The family won’t tap tax-deferred retirement accounts, she said. Jill, who visited Hopkins with Mark in April as magnolia trees began to blossom there, worked in employee benefits for 14 years and is no longer employed. Her husband, George, 60, is an environmental scientist for California’s Orange County.

“It is definitely a surprise that as many students are accepting our offers in light of the economy,” Munoz said. Rice’s yield climbed to 36.7 percent, from 35 percent a year earlier, he said.

The Index of Consumer Sentiment increased to 68.7 in May from 65.1 in April and 59.8 in May 2008. The number peaked at 96.9 in January 2007.

Confident or not, parents and students began visiting schools 18 months ago, before the economy soured, said Philip Smith, the former dean of admission at Williams.

‘Heart Set’

“Kids get their heart set on a school,” said Smith, who in retirement still reads applications. “The mind-set came earlier than the downturn. That may explain something about this year.”

At Amherst, the yield increased to 39 percent, from 37 percent last year, said Tom Parker, dean of admission and financial aid. Williams’s yield rose to 45 percent from 42 percent, said Richard Nesbitt, director of admission.

Not all schools were up. The University of Chicago’s yield fell to 37.2 percent from 37.7 percent, said Ted O’Neill, dean of college admissions.

“My guess is that the economy hurt us a little,” he said.

At Hopkins, the yield increased to 32 percent, from 30 percent a year earlier, saidJohn Latting, dean of undergraduate admissions. The target for the class was 1,275, and the school received 1,400 deposits, said Bill Conley, dean of enrollment and academic services.

Alumni of Hopkins include Michael Bloomberg, New York City’s mayor and the principal owner of Bloomberg News parent Bloomberg LP.

Double Major

Eddie Brooks, an 18-year-old from Bucks County, Pennsylvania, who plans to major in physics and engineering mechanics, picked Hopkins over three less-expensive choices.

A year at the University of Pittsburgh would have cut the outlay to about $5,000 annually after a scholarship. Brooks also turned down an offer from Case Western Reserve University in Cleveland, which would cost the family about $25,000 a year, and one from Rensselaer Polytechnic Institute in Troy, New York, where the annual expense would be $35,000.

Brooks’s parents sent a $600 deposit to Hopkins, although the family’s assets have shrunk about 40 percent, said his mother, Denise Brooks, 46, the researcher director for a market- information company.

“We’re going to go into debt,” she said. “We can do it and are willing to do it.”

Laurie and Richard Sabra of Hollywood, Florida, were unable to make the same choice for their son Joey. They didn’t qualify for need-based financial aid and weren’t able to borrow more against their house.
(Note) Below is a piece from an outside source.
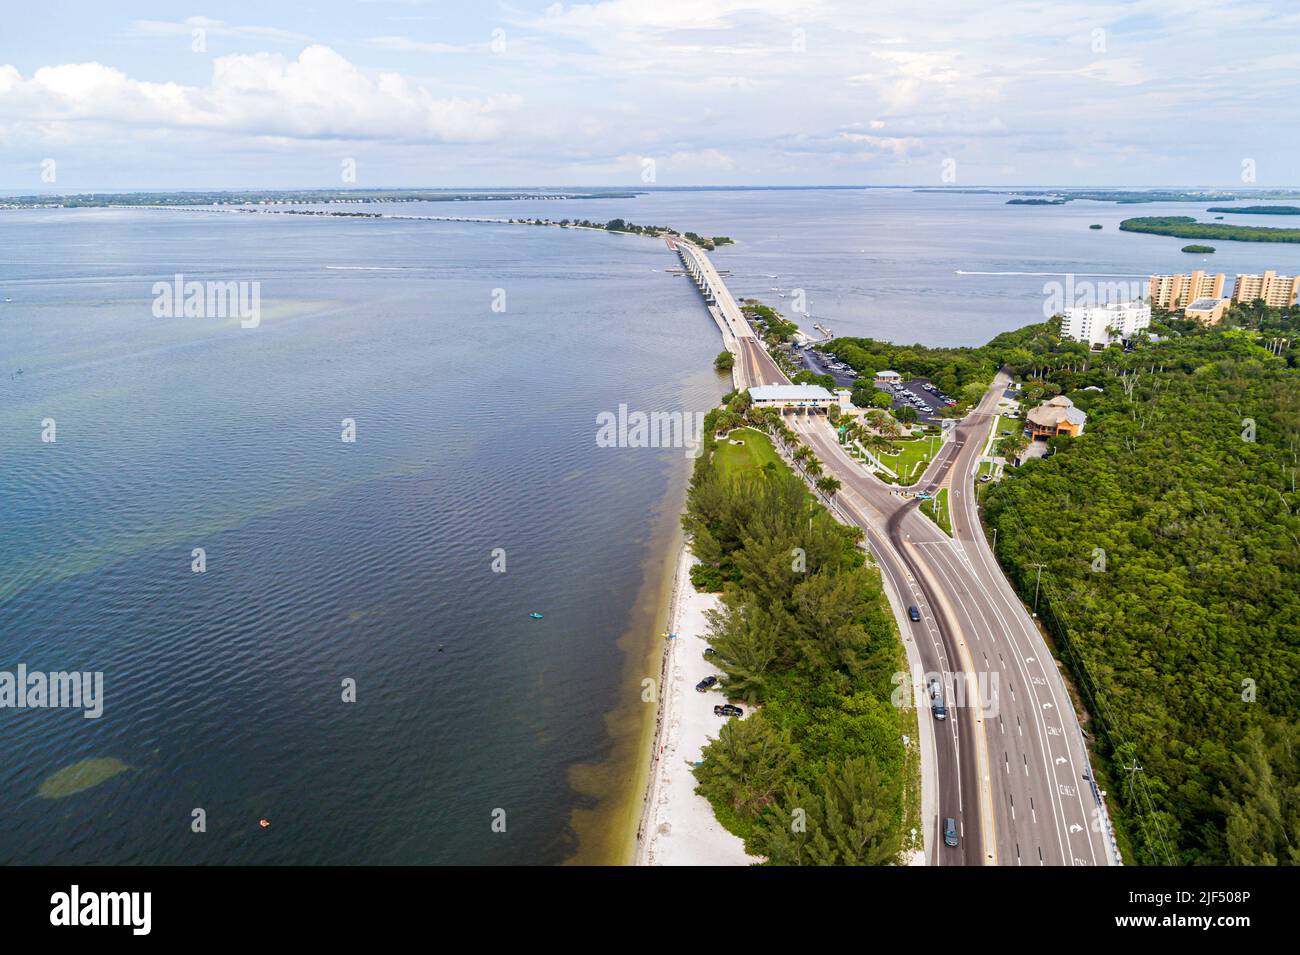 Fort Ft. Myers Florida, McGregor Boulevard Sanibel Island Causeway, puerta de peaje, vista aérea desde arriba, paisaje natural Foto de stock

Joey, the second of three children, turned down an early- admission offer to Duke University in Durham, North Carolina. He’s enrolling in the honors program at the University of Florida in Gainesville.

‘Initially Sad’

A Florida Bright Futures scholarship and a National Merit award will cut the cost to about $12,000 a year, Richard Sabra said.

“I was initially sad,” said Joey, 18. “I found the University of Florida could present opportunities equally as good as I’d have at Duke.”
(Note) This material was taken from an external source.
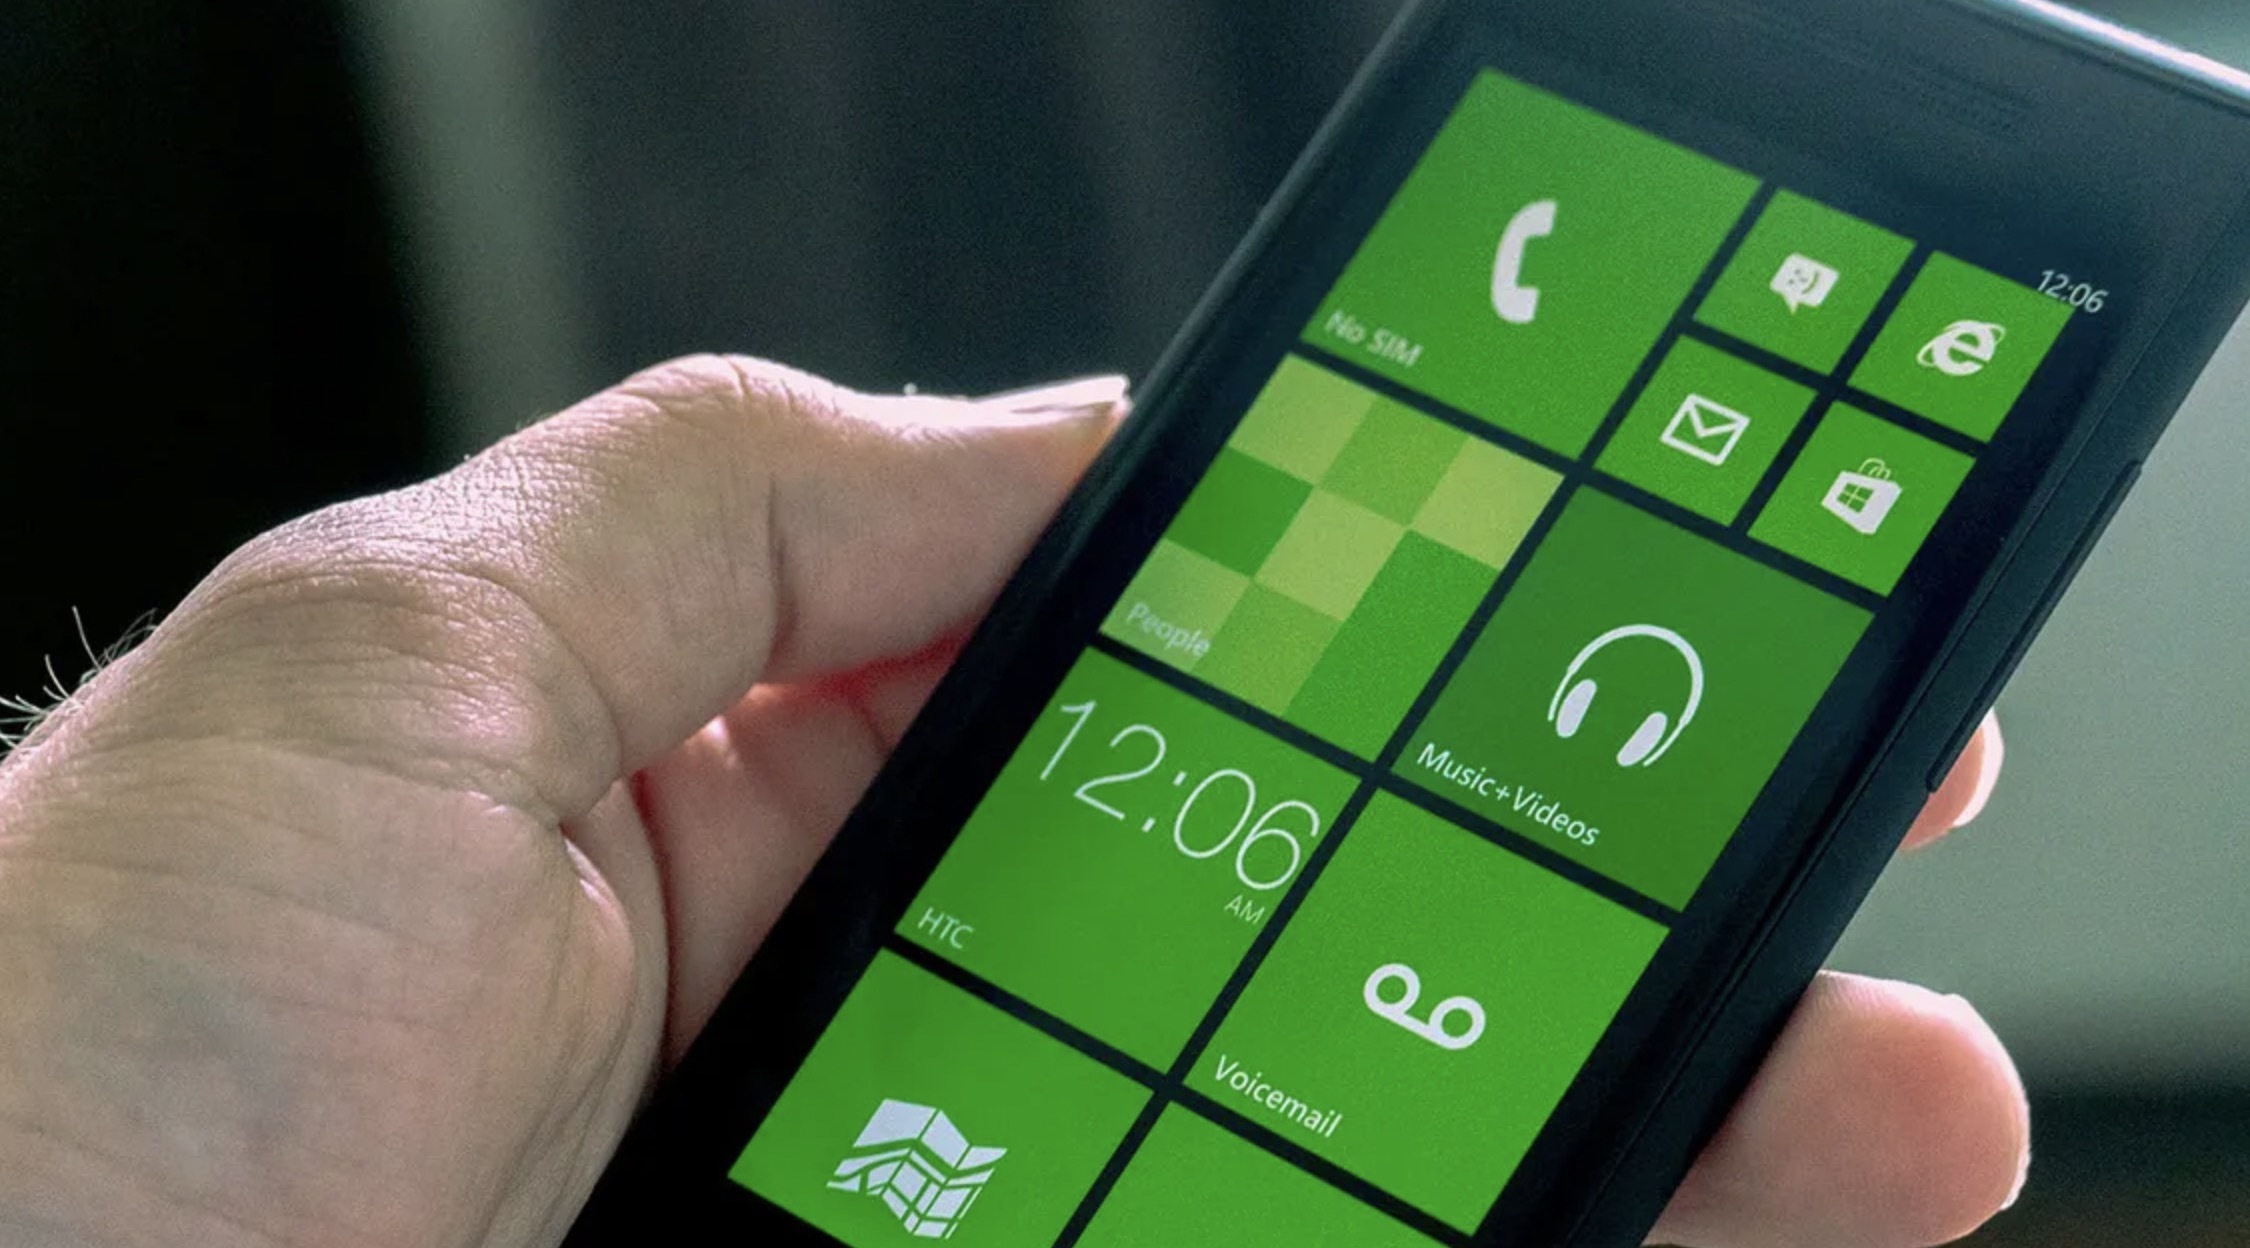  ChatGPT  Microsoft     Windows Phone

Duke’s price next year is $53,390, said Christoph Guttentag, dean of undergraduate admissions. Of 548 students offered early admission, only six aren’t enrolling, he said.

Some public colleges reported lower yields. While applications increased 9 percent to a record at Binghamton University, New York State’s highest-ranked public college on the U.S. News list, the yield fell to 24 percent, from 25 percent a year earlier, said Cheryl Brown, director of undergraduate admissions at the school in Binghamton, New York.

‘Higher Caliber’

“We admitted a higher-caliber group with better scores and higher achievement in high school,” Brown said in a telephone interview. “They were wooed, I suspect, by a number of other schools.”
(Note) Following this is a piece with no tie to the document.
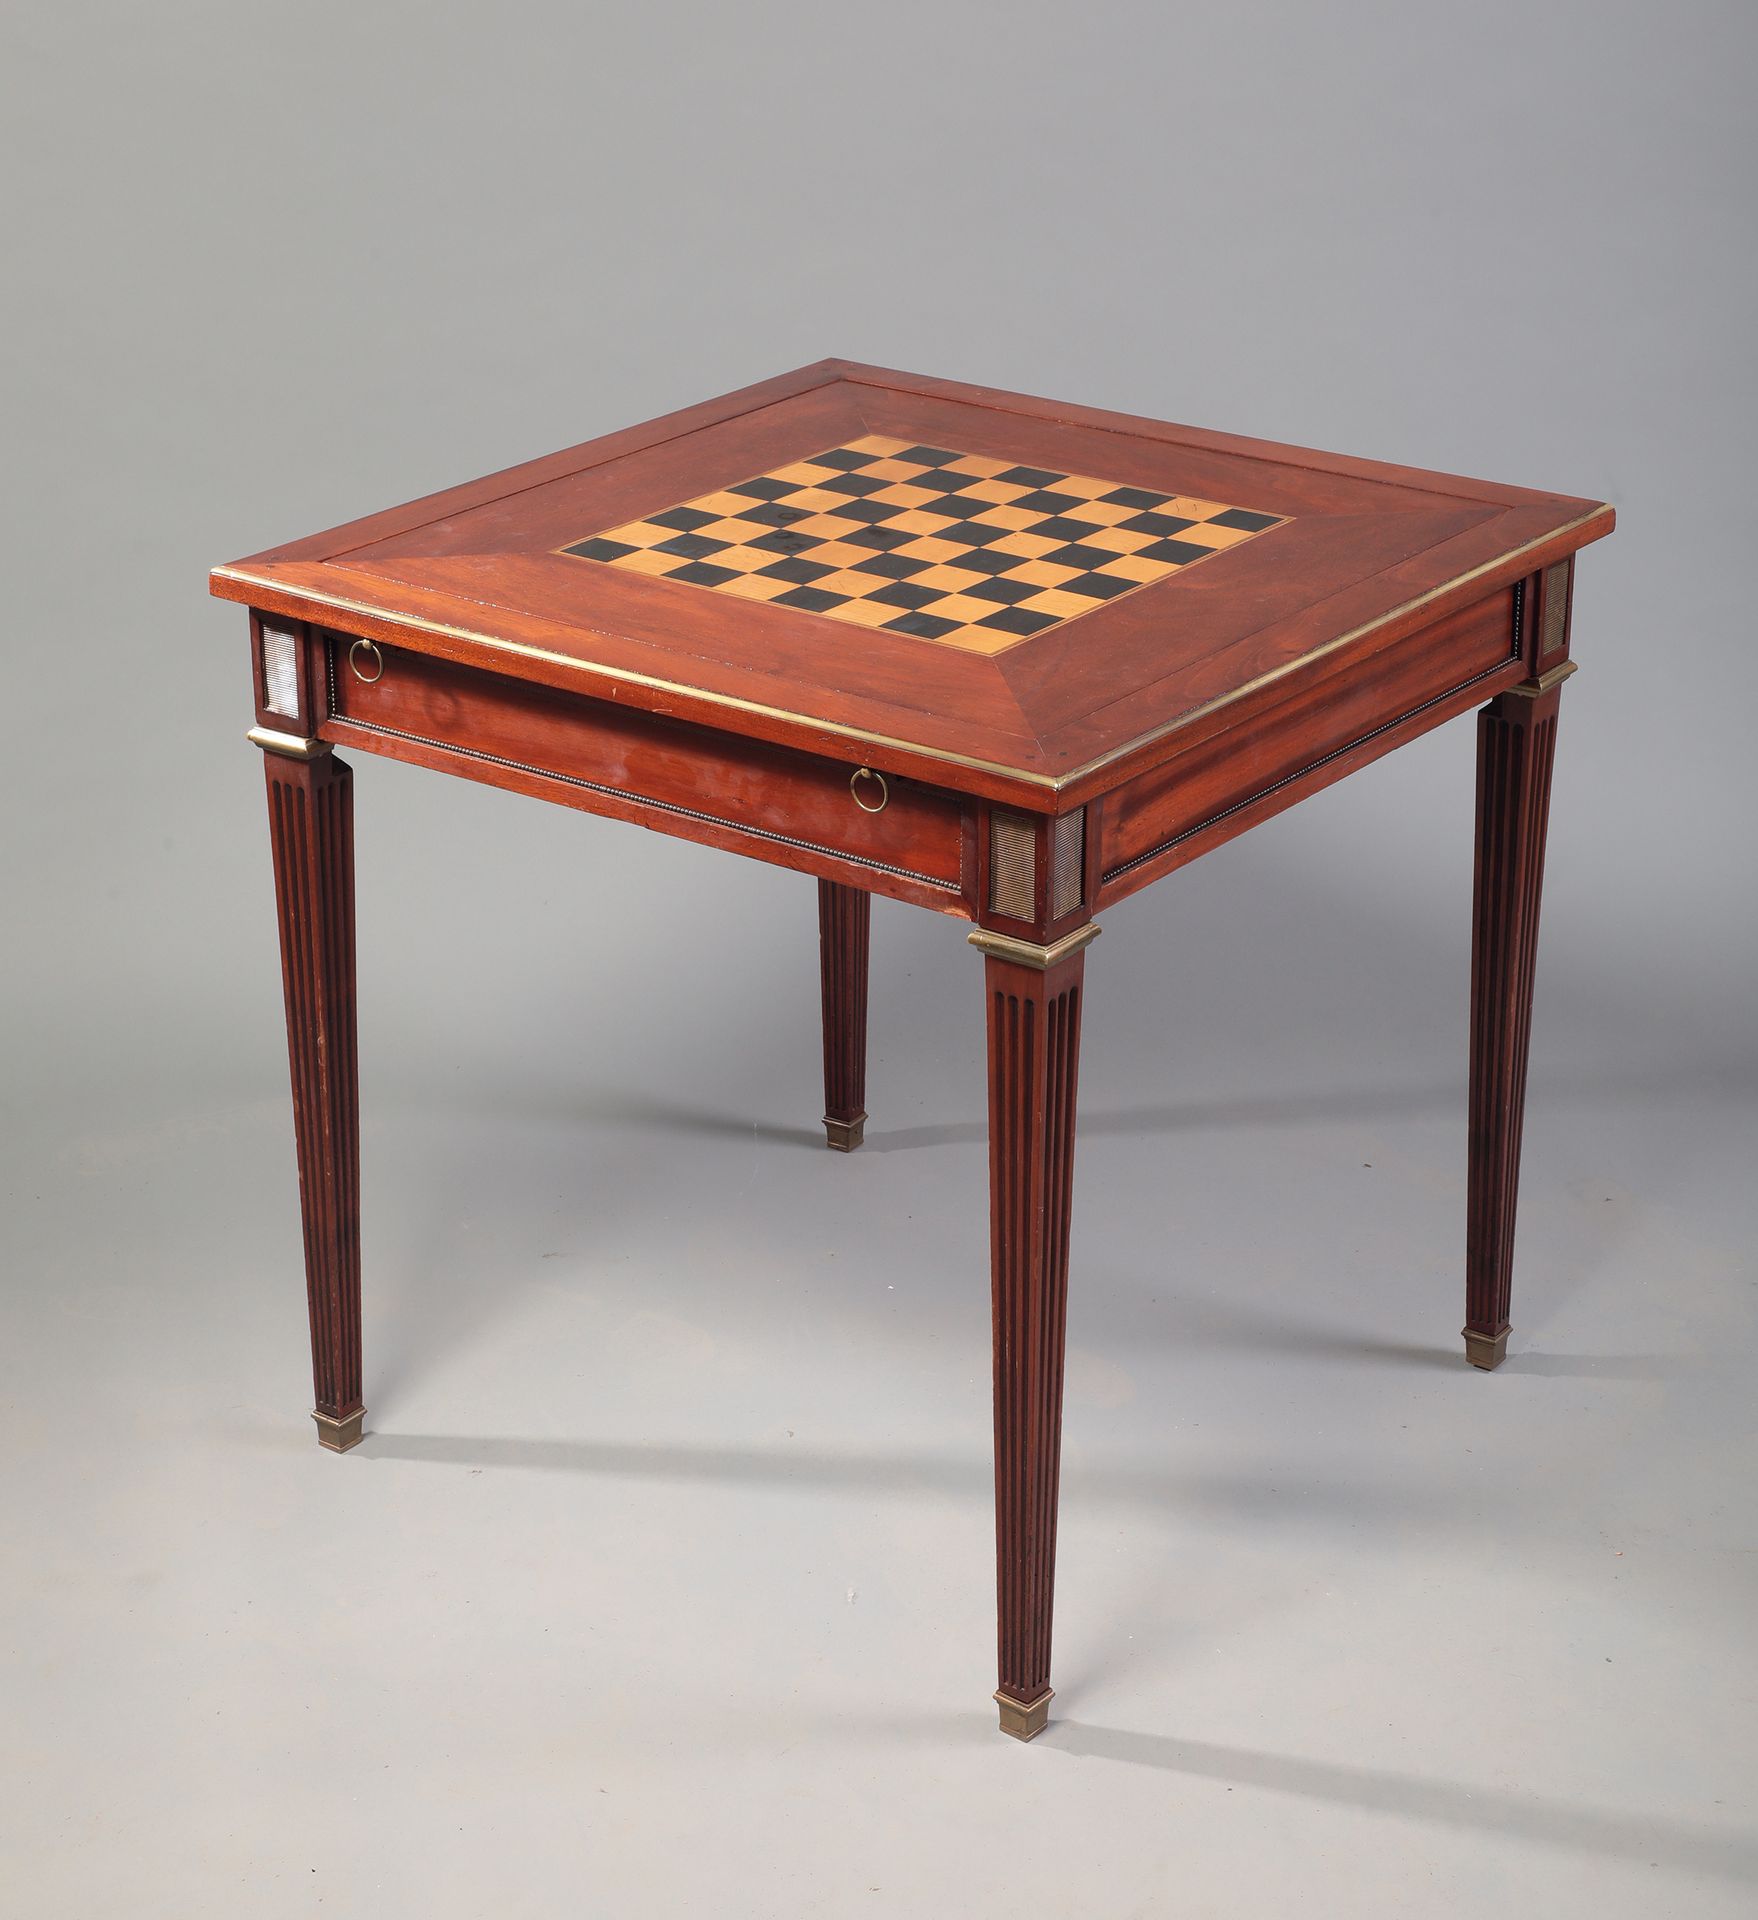 Null 方形红木游戏桌，两面旋转的桌面，有棋盘和棋子。

jaquet和棋盘游戏，凹槽 "Gaine "腿。

饰有珍珠楣和刮刀。

路易十六风格，19世纪
&hellip;

Andrea Plate, 17, of Mamaroneck, New York, rejected the University at Buffalo, another campus of the State University of New York, where her parents were students. She accepted Loyola University Chicago, a Roman Catholic, Jesuit institution that will cost almost $22,000 the first year compared with $16,500 for Buffalo.

Andrea’s father, Rick Plate, vice president of a software company, said he plans to tap a home-equity credit line and other sources, although the household’s assets have declined about 30 percent.

“We wanted to give our kids a choice,” Andrea’s mother, Jackie, said. “Growing up, neither my husband nor I was given a choice.”

Parents don’t want to disappoint children who worked to win entrance to a school, said Debora L. Spar, president of Barnard College, an affiliate of Columbia University in New York.

‘Dream School’

“If a kid has the opportunity to go to his or her dream school, it’s hard to put a price tag on that,” she said.

Parents see education as an investment in children, said Anthony Marx, president of Amherst, which tied with Williams for the No. 1 ranking among liberal-arts schools tracked by U.S. News.

“It used to be the home was the most productive long-term investment you could make,” he said. “People are less sure about that now.”